Paychex Inc. (NASDAQ: PAYX) closed at $126.76 on September 30, down 1.38% ahead of its Q1 2026 earnings release.
The company posted revenue of $1.54 billion, a 17% year-over-year increase, surpassing Wall Street estimates of $1.53 billion. Adjusted diluted EPS came in at $1.22, up 5% from $1.16 last year, and slightly above the consensus of $1.21. On a GAAP basis, EPS dropped 10% to $1.06.
Paychex, $PAYX, Q1-26. Results:
📊 Adj. EPS: $1.22 🟢
💰 Revenue: $1.54B 🔴
📈 Net Income: $383.8M
🔎 Paycor integration drove 17% revenue growth, but GAAP EPS fell due to acquisition-related costs. pic.twitter.com/Q5i33MMbPH— EarningsTime (@Earnings_Time) September 30, 2025
Operating income margin stood at 35.2%, while the adjusted margin was 40.7%, reflecting expense pressures tied to integration and expansion initiatives.
Revenue Growth Across Segments
Management Solutions, the company’s largest segment, generated $1.2 billion in revenue, a 21% increase, underscoring demand for payroll and HR services. PEO and Insurance Solutions contributed $329 million, a modest 3% rise, as growth in the agency side was slowed by workers’ comp rate pressures. Interest on funds held for clients rose 27% to $48 million, benefiting from higher interest rates.
The Paycor integration also supported growth, driving new cross-selling opportunities with retained clients and accelerating synergy targets.
Rising Costs and Margin Impact
Expenses climbed 29% to $998 million in the quarter, largely linked to Paycor-related costs. The company cited disruptions as it works to align go-to-market strategies, though it expects efficiencies to improve. Despite top-line growth, concentrated losses in the small business sector, particularly firms shutting down, added pressure.
Still, management highlighted strong demand for PEO services, mid-single-digit employee growth, and innovations in AI-driven HR tools designed to improve client experience and productivity.
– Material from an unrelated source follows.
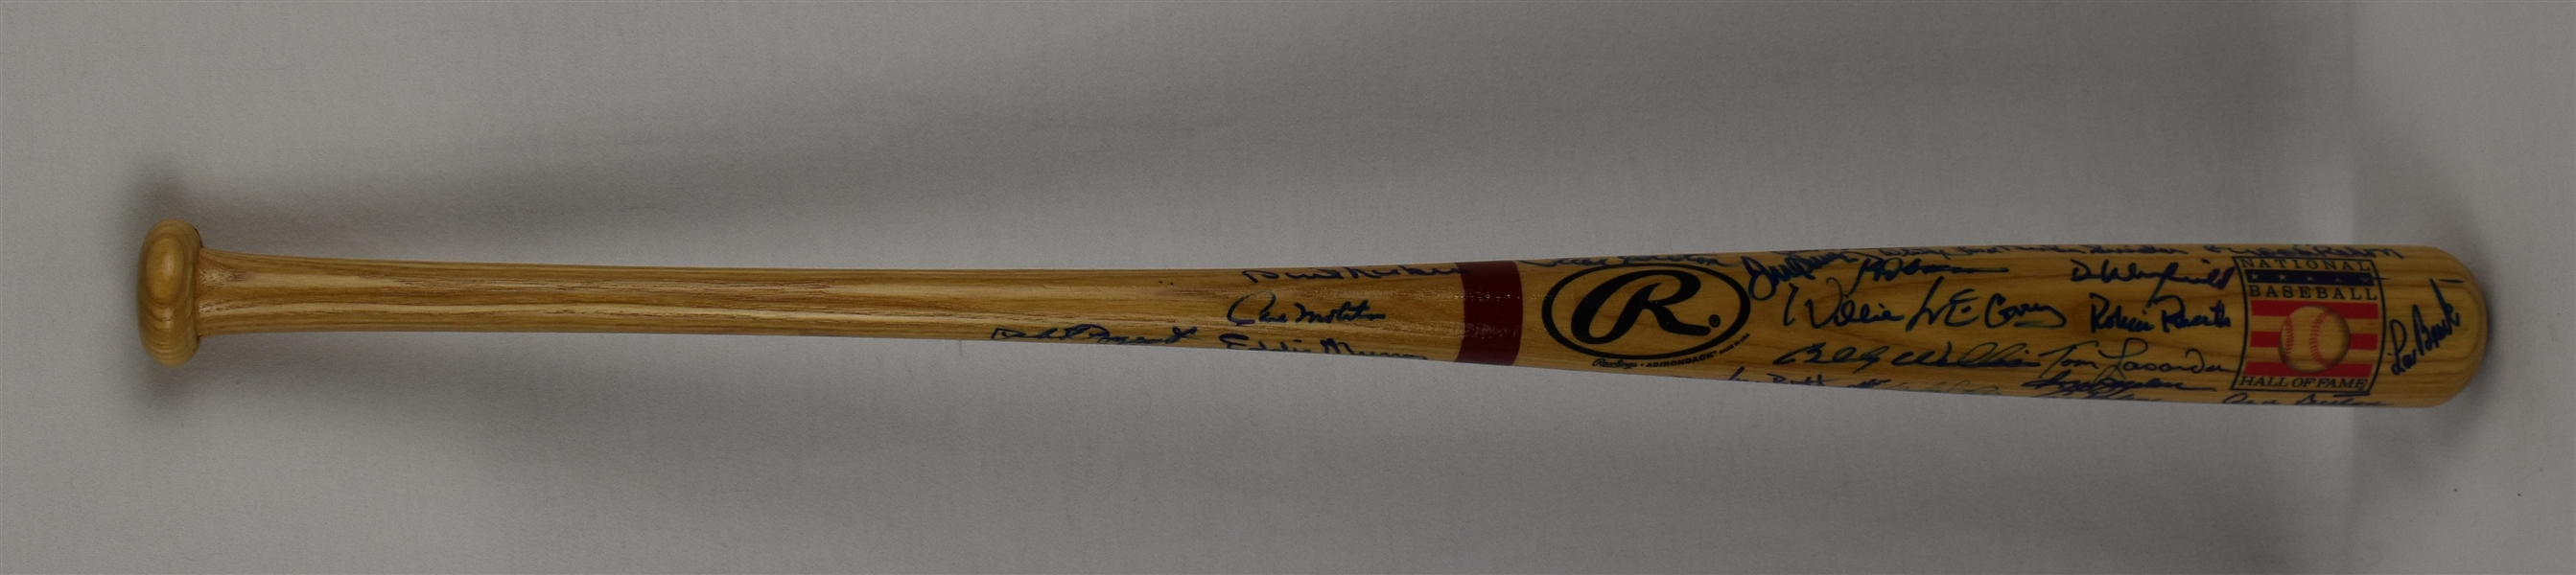 Hall of Fame Autographed Baseball Bat w/51 Signatures Including Kirby Puckett & Sandy Koufax w/Puckett Family Provenance
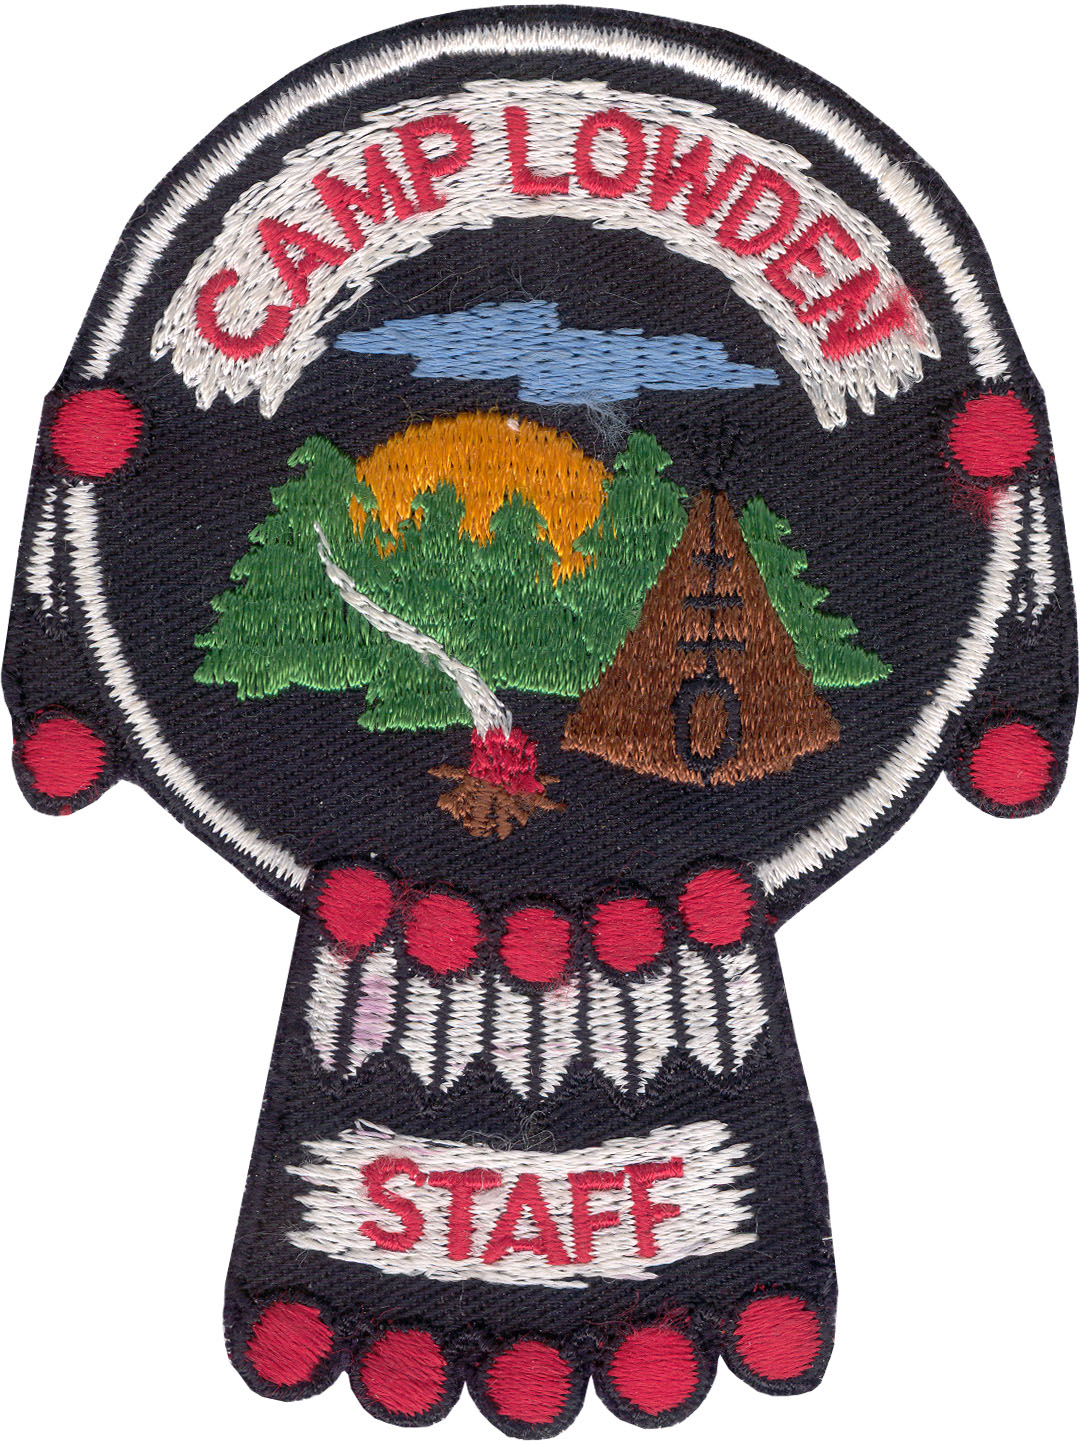 Details about   1973 Camp Rancho Allegre Camp Patch

Strong Cash Flow and Shareholder Returns
Paychex reported $718 million in operating cash flow and returned $549 million to shareholders through dividends and buybacks. The company maintained $1.7 billion in cash and investments, offset by $5 billion in borrowings. Its 12-month rolling return on equity stood at 40%, reflecting efficient capital use.
Fiscal 2026 Outlook Raised
Looking ahead, Paychex guided fiscal 2026 revenue growth of 16.5% to 18.5%. Management Solutions is expected to grow 20% to 22%, while PEO and Insurance Solutions are forecast at 6% to 8%. Interest on funds held for clients should deliver $190 million to $200 million. Adjusted EPS is projected to increase 9% to 11%, supported by an operating margin of about 43% and an effective tax rate of 24% to 25%.
Market Context
Despite strong fundamentals, Paychex shares have lost 7.7% year-to-date compared with the S&P 500’s 13.7% gain. Over the past year, the stock is down 2.9%, underperforming the index’s 16% rise. Analysts note estimate revisions have trended lower, resulting in a Zacks Rank #4 (Sell), suggesting the stock may underperform near-term.
For investors, Paychex’s growth trajectory remains attractive, but rising expenses and competitive pressures could limit upside until Paycor integration benefits fully materialize.